File security question

daves88 · July 20, 2023, 11:34pm

Hi Wapplers,

If I allow my users to upload files to their account, how secure are their files? I am worried that someone can do a scan of my website for all folder directories, then open a file directly using the file link. The files are stored in their own folder that they create in /public/uploads/theclientfolder/theclientfiles

I am worried that anyone can view and download files once they know the directory names.

I have read on previous threads that if I store the files not in /public then the directors won’t show up in a scan. Is that correct? If so, can I just change the file uploads directors in project settings or will that have adverse effects in my app?

I can’t use .htaccess Order allow,deny Deny from all as I am running NodeJS. Anyone know what the equivalent of this is? I need to disable directory listings of my site, but since I am using NodeJS this is proving difficult.
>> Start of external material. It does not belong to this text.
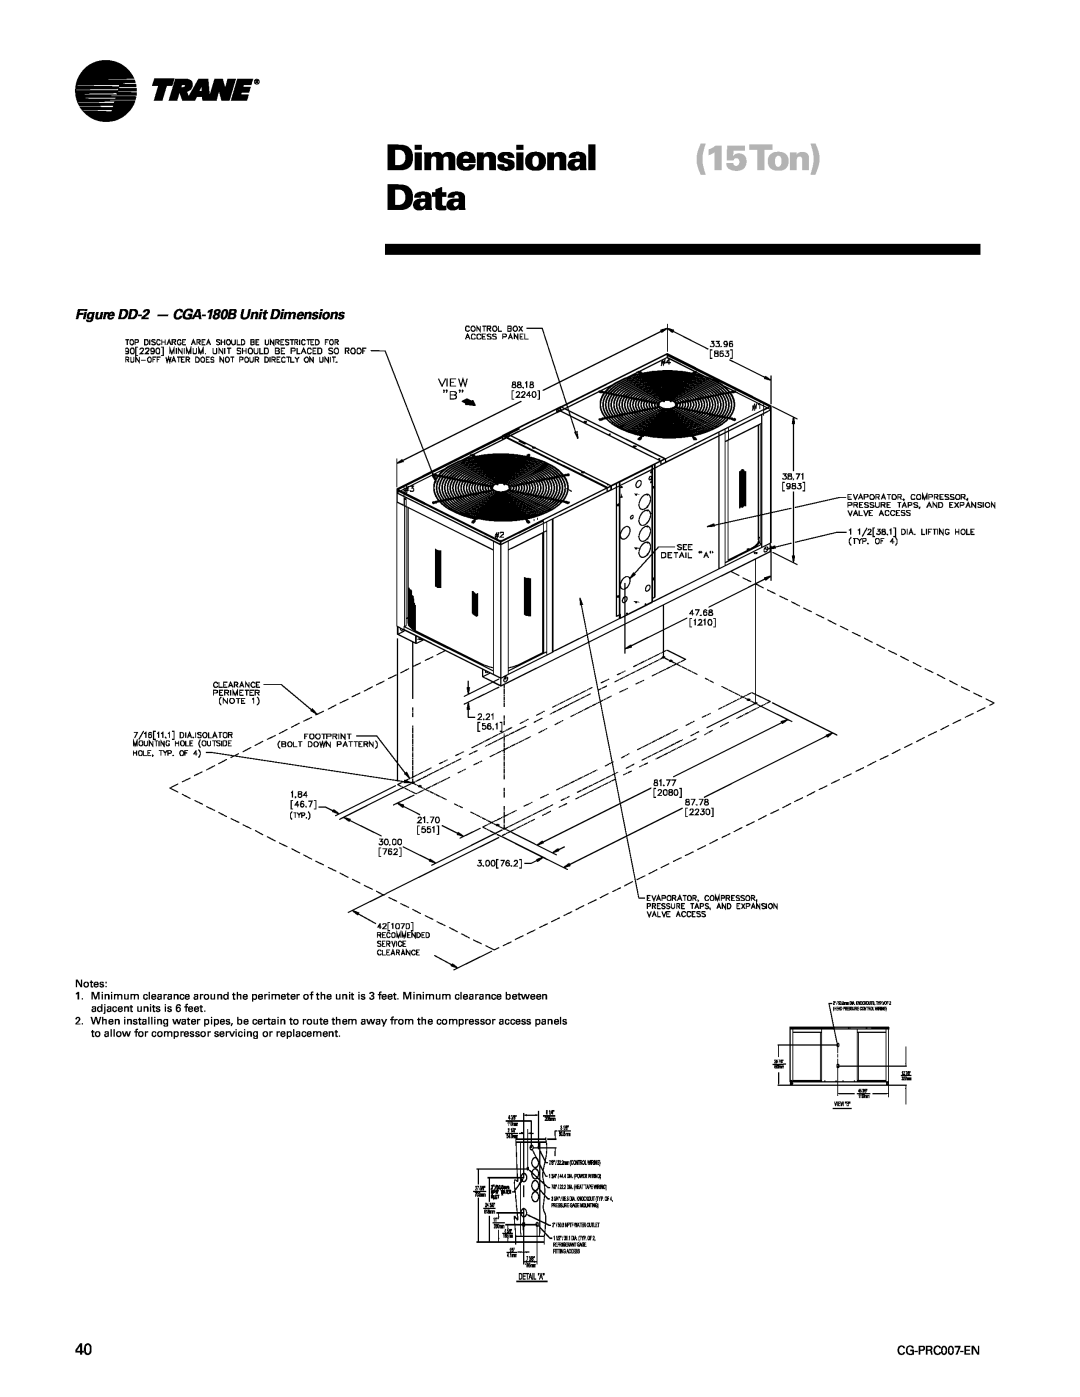 Trane CG-PRC007-EN manual Dimensional 15Ton Data, Figure DD-2- CGA-180BUnit Dimensions

I would like to use S3 on digital ocean but I need the ability for the client to create an empty folder and download all files as a ZIP, which I don’t think can be done using S3.

Any tips on above would be greatly appreciated!

Thanks

brad · July 20, 2023, 11:53pm

You could include a blank index.html file in each folder. Of course this may be more difficult if the folders are dynamic.

jimed99 · July 20, 2023, 11:59pm

For DO Spaces you’ll learn how to use CORS. Here’s a short insight to what it is and does:

daves88 · July 21, 2023, 12:07am

thanks for your responses. Any quick fix without using S3? I just need to restrict directory listings of the folders, or prevent non-logged in users from accessing file links directly.

Apple · July 21, 2023, 1:14am

The correct way is you change the uploads directory to somewhere not the public folder, and you use Download File (or File Download, unsure) step to serve the file from a server action. This server action should have a check to only proceed if the user is authorized to download such file

daves88 · July 21, 2023, 1:26am

Thank you. If I change the uploads directors now, would it cause havoc with docker or my app? Or should it just update seamlessly?

Apple · July 21, 2023, 1:43am

I don’t think it’ll cause any troubles, and existing uploads should be “moved” automatically (technically they’re not moved, just mounted on the new directory location). This is because in the docker-compose file it lists a volume “user_storage” mapped to whatever directory you set in project settings. The files technically are in the volume “user_storage” which is managed by Docker, hence no “moving” is needed, and the folder is mounted at the new location.

Please make a backup of your server before trying

sitestreet · July 21, 2023, 11:16am

I put a .htaccess file into the folder where the uploads go containing this:

Order allow,deny
Deny from all

It means there’s no way to browse to the folder and see anything even if you know the filenames.

See this thread:

daves88 · July 22, 2023, 3:01am

Will this work if I am not running Apache? I’m on nodejs

sitestreet · July 22, 2023, 10:01am

Aah, no it won’t. I believe NodeJS lets you use a folder which is outside the public structure anyway so there wouldn’t be any need for extra security. But I’m still new to Node so am definitely not the person to advise!